■ RECORDED DATA:
%%

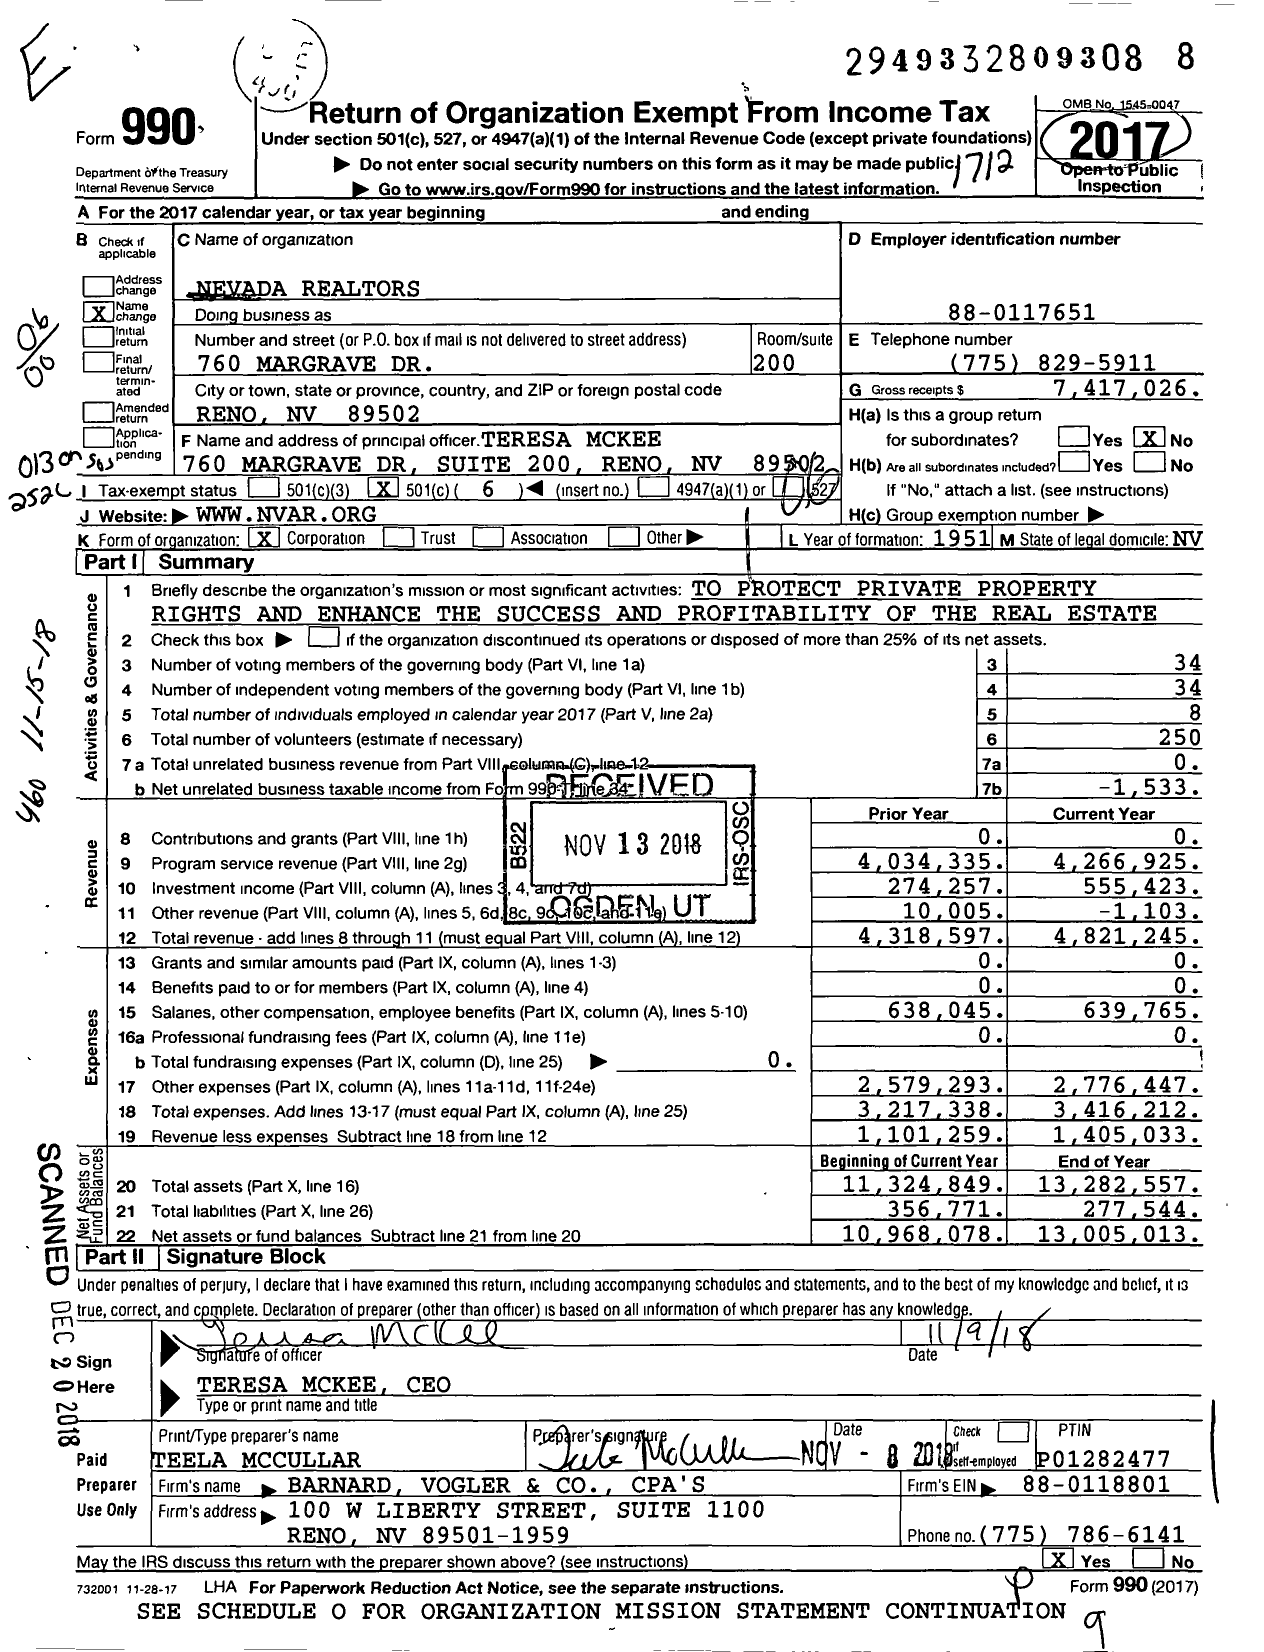 Image of first page of 2017 Form 990O for Nevada Realtors (NVAR)
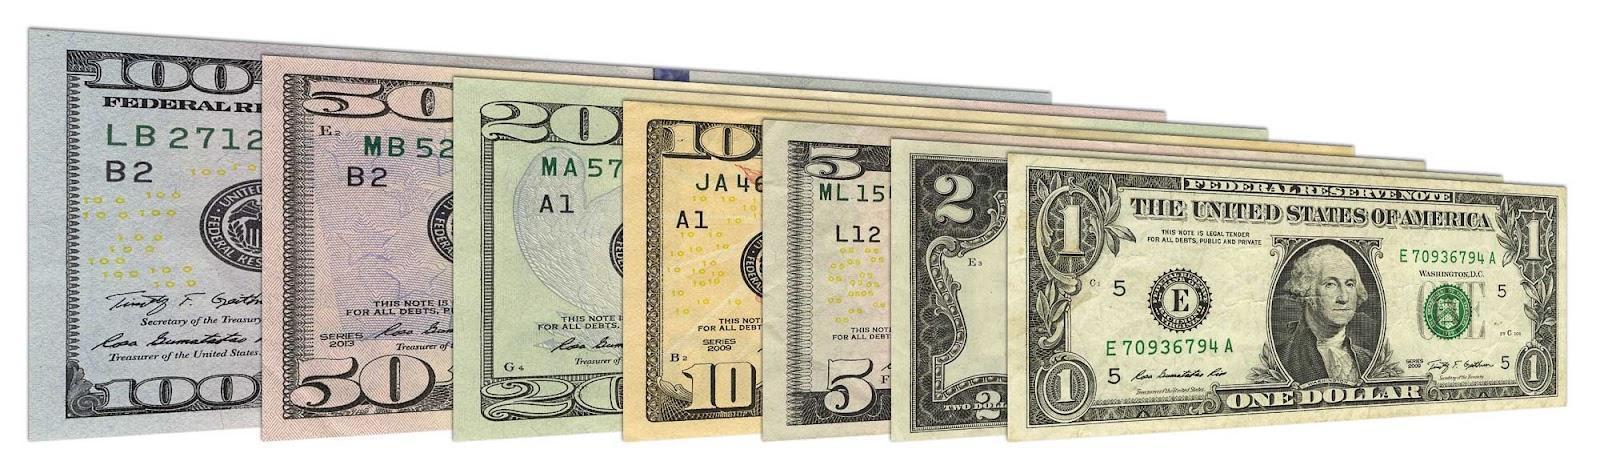 US Dollar banknote series
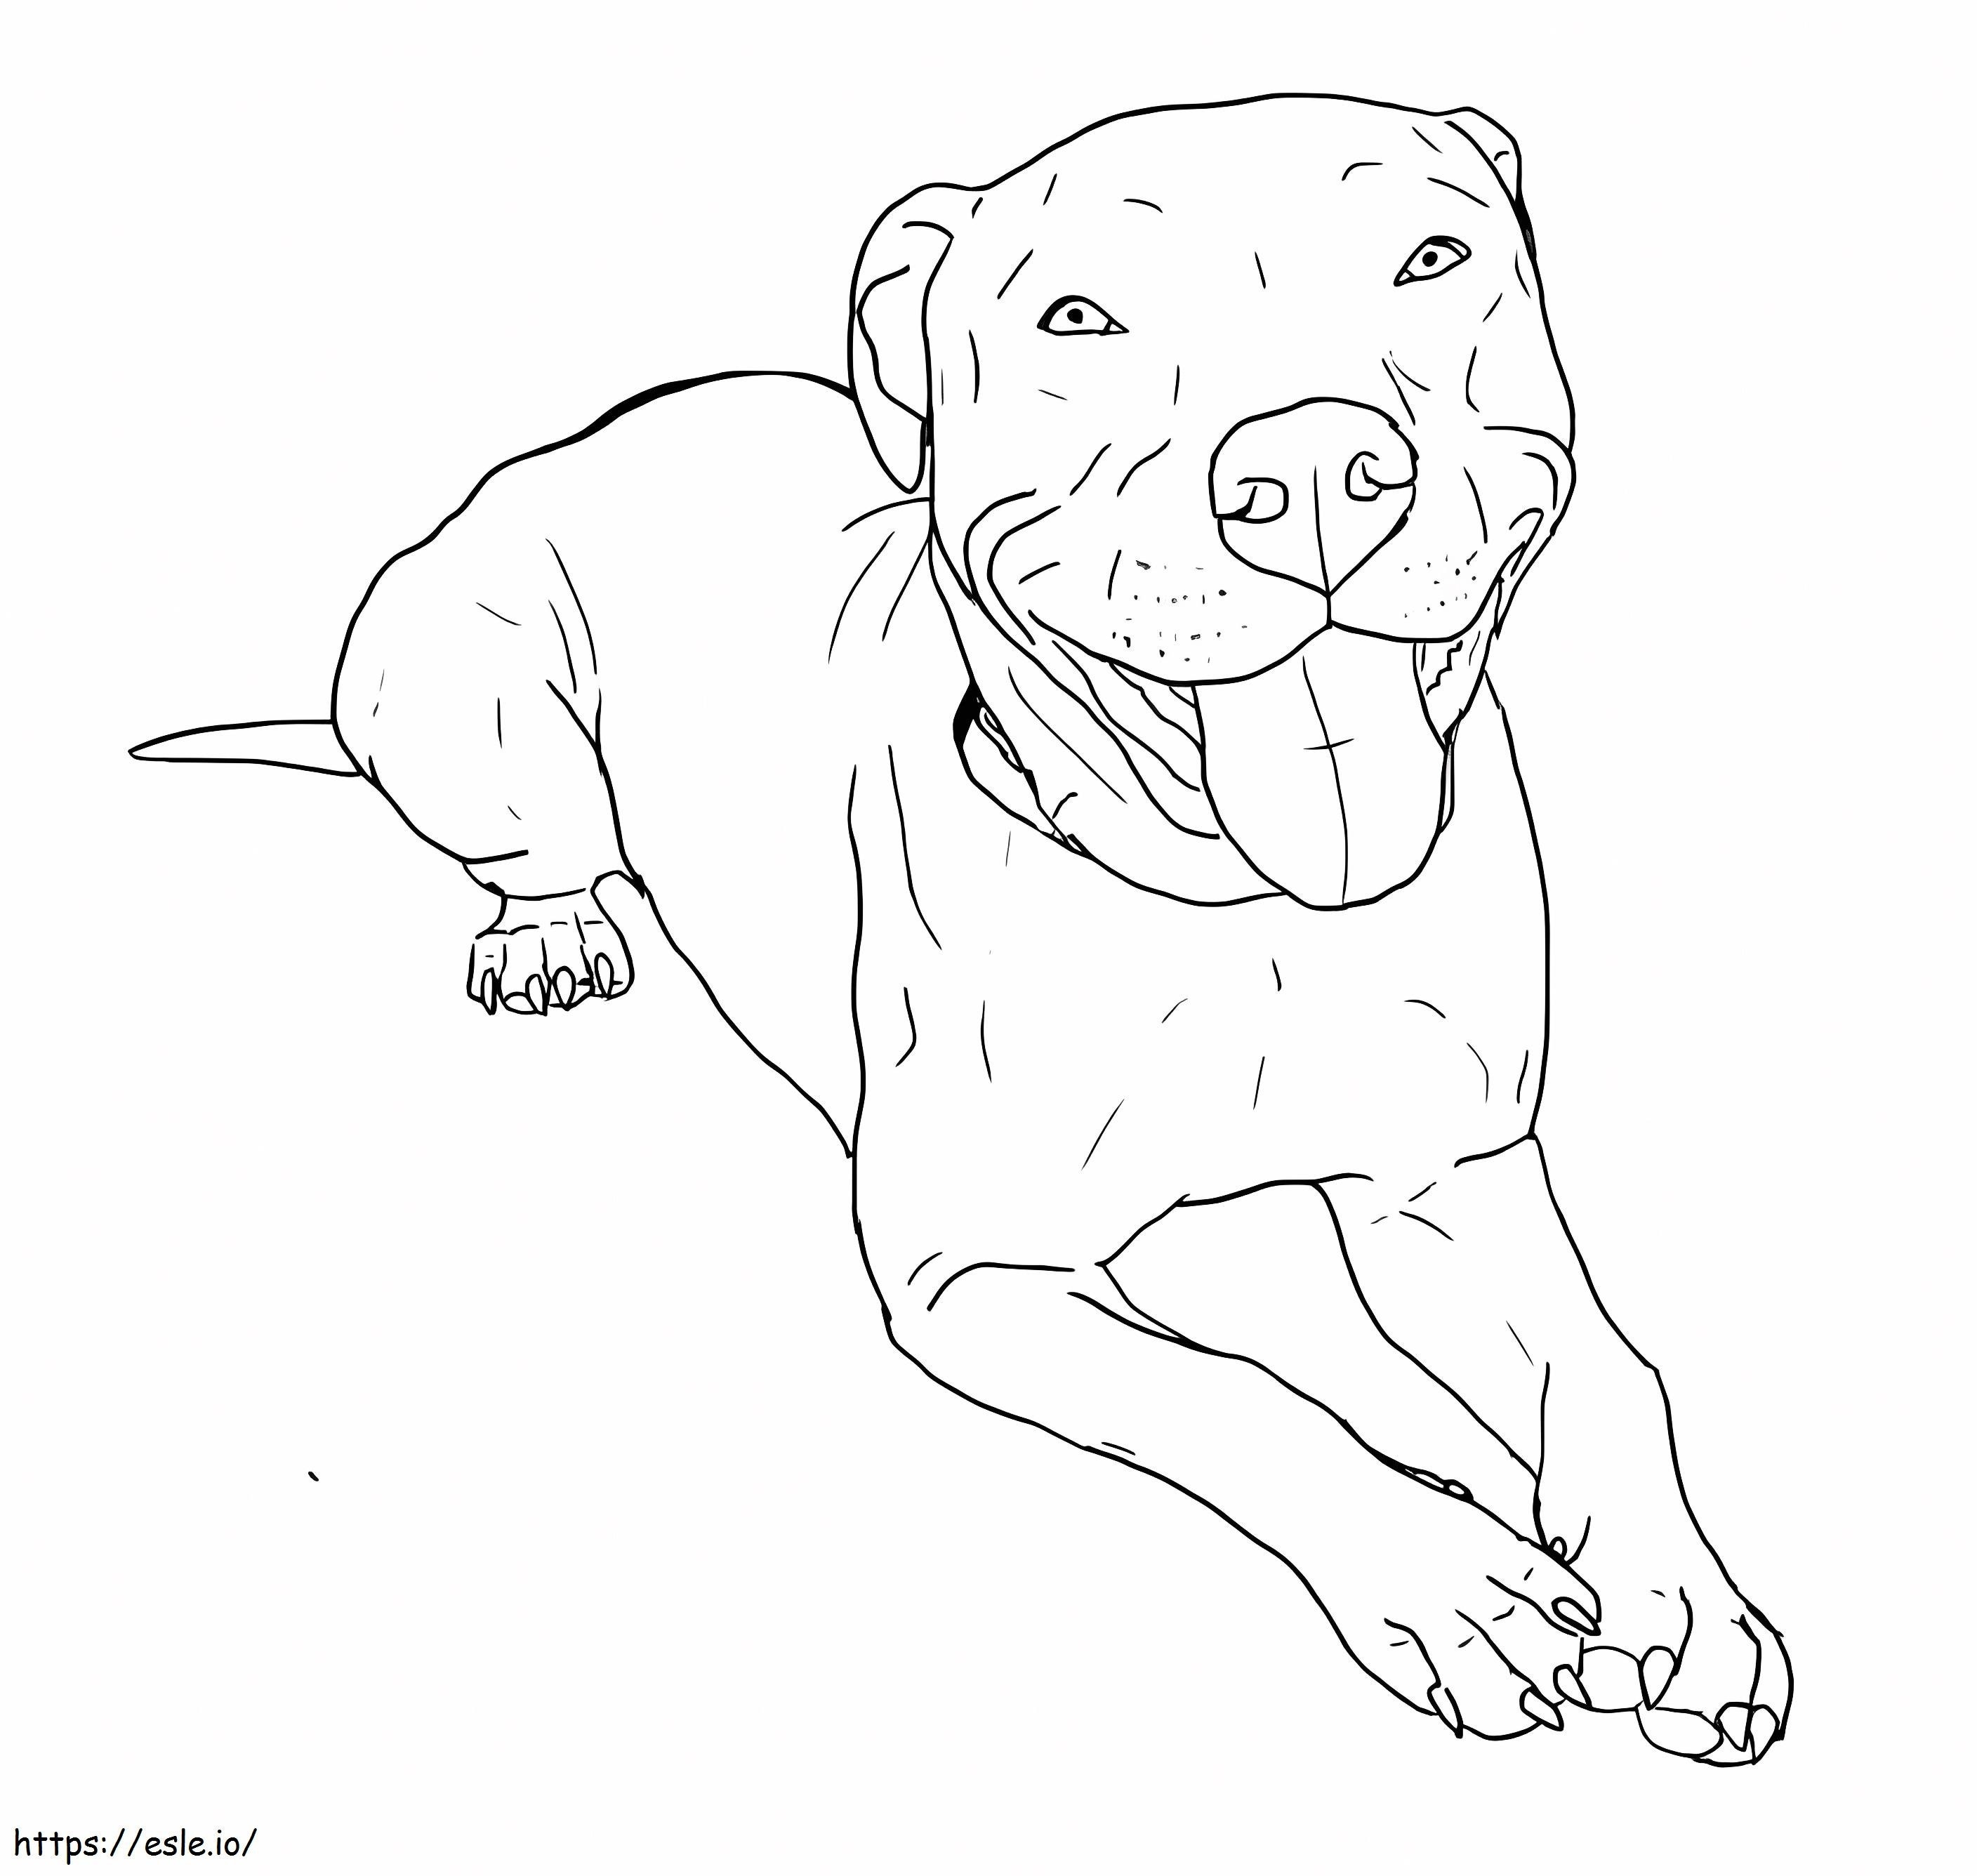 Cute Pitbull coloring page
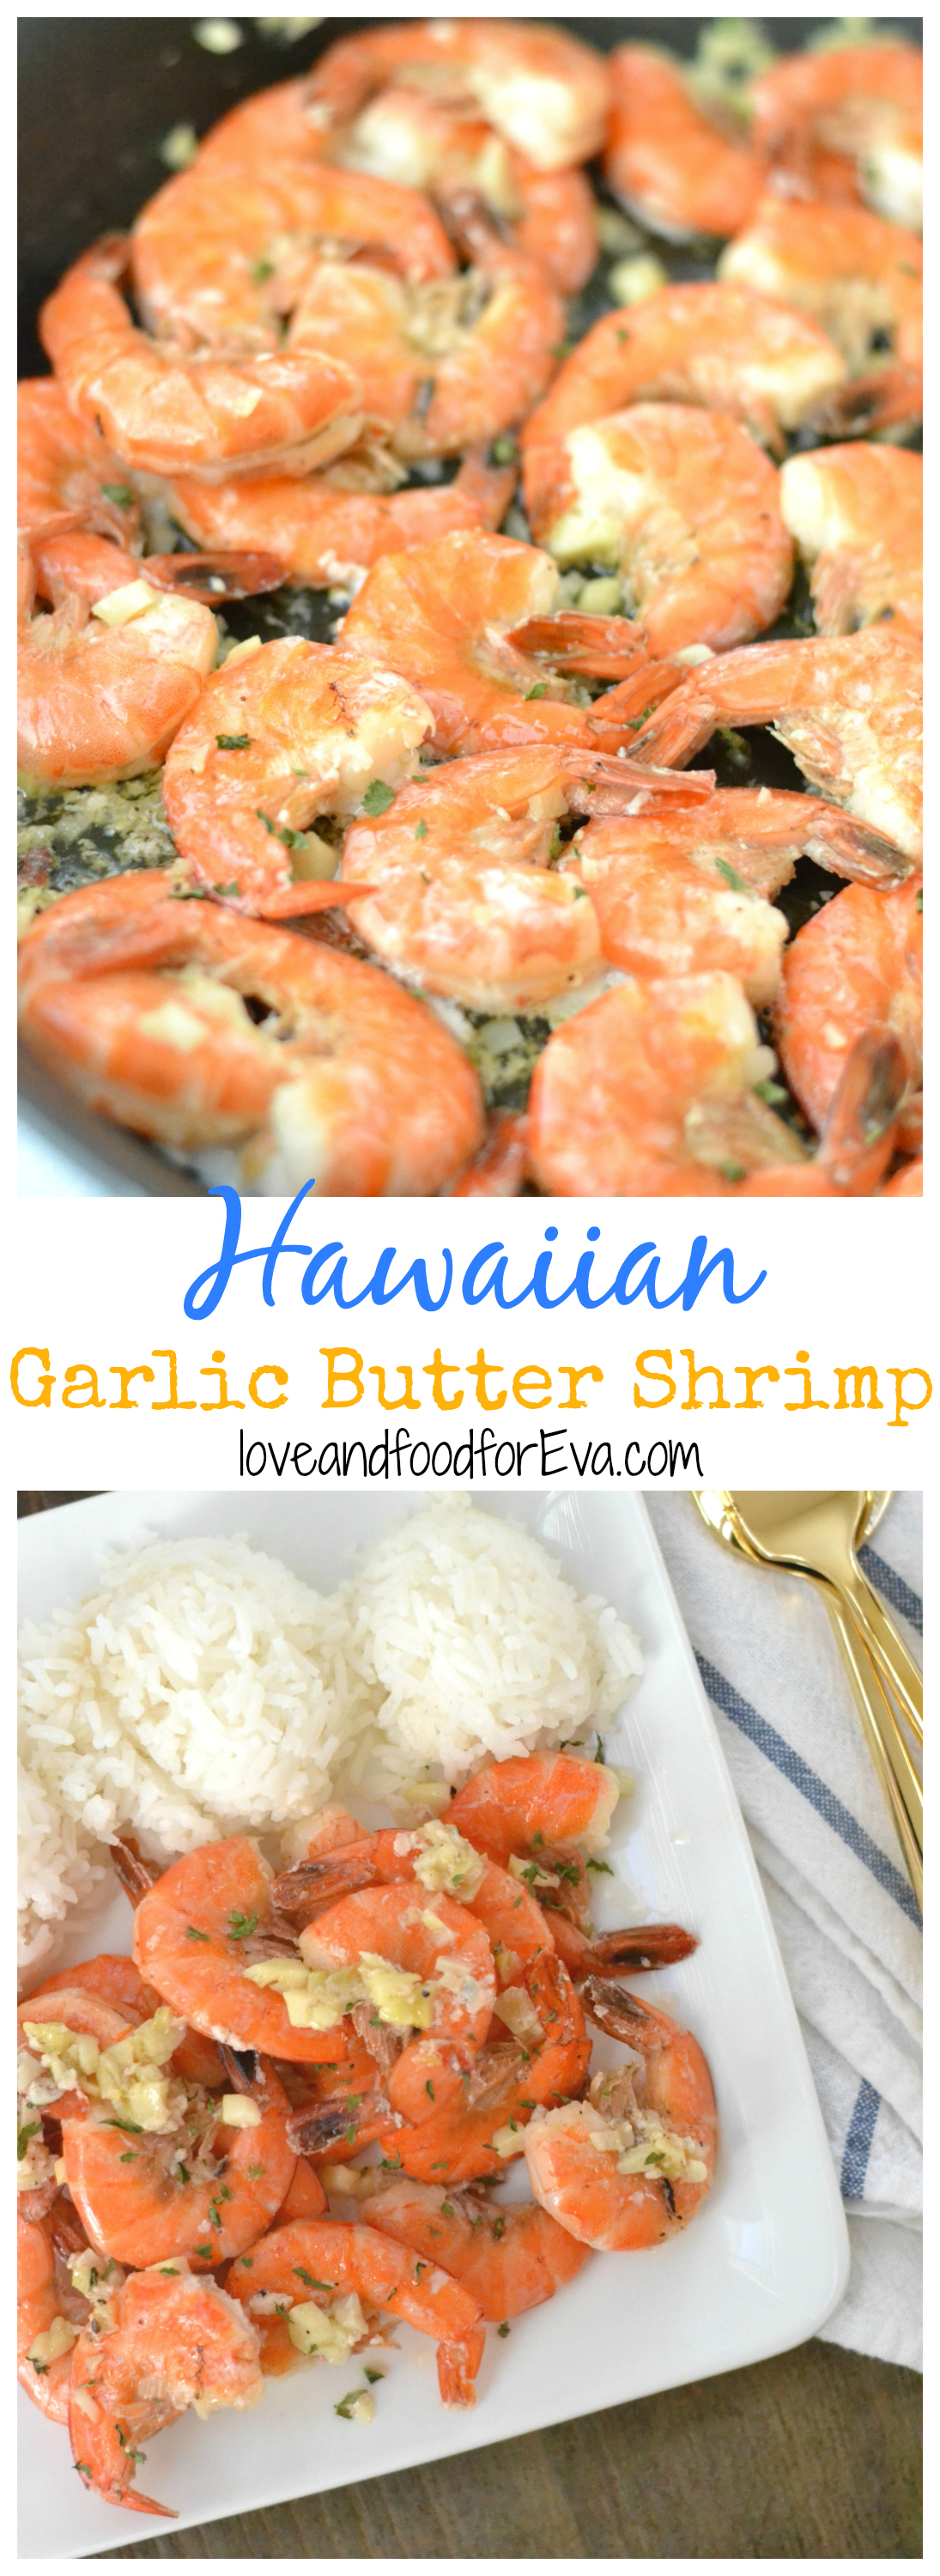 Hawaiian Garlic Butter Shrimp - inspired by the North Shore food trucks in Oahu!

%%

■ WHAT YOU WILL DO:
Each line of the data above must be repeated exactly, images excluded.

■ SOLVED PROBLEM:
 Image of first page of 2017 Form 990O for Nevada Realtors (NVAR)
 US Dollar banknote series
 Cute Pitbull coloring page
 Hawaiian Garlic Butter Shrimp - inspired by the North Shore food trucks in Oahu!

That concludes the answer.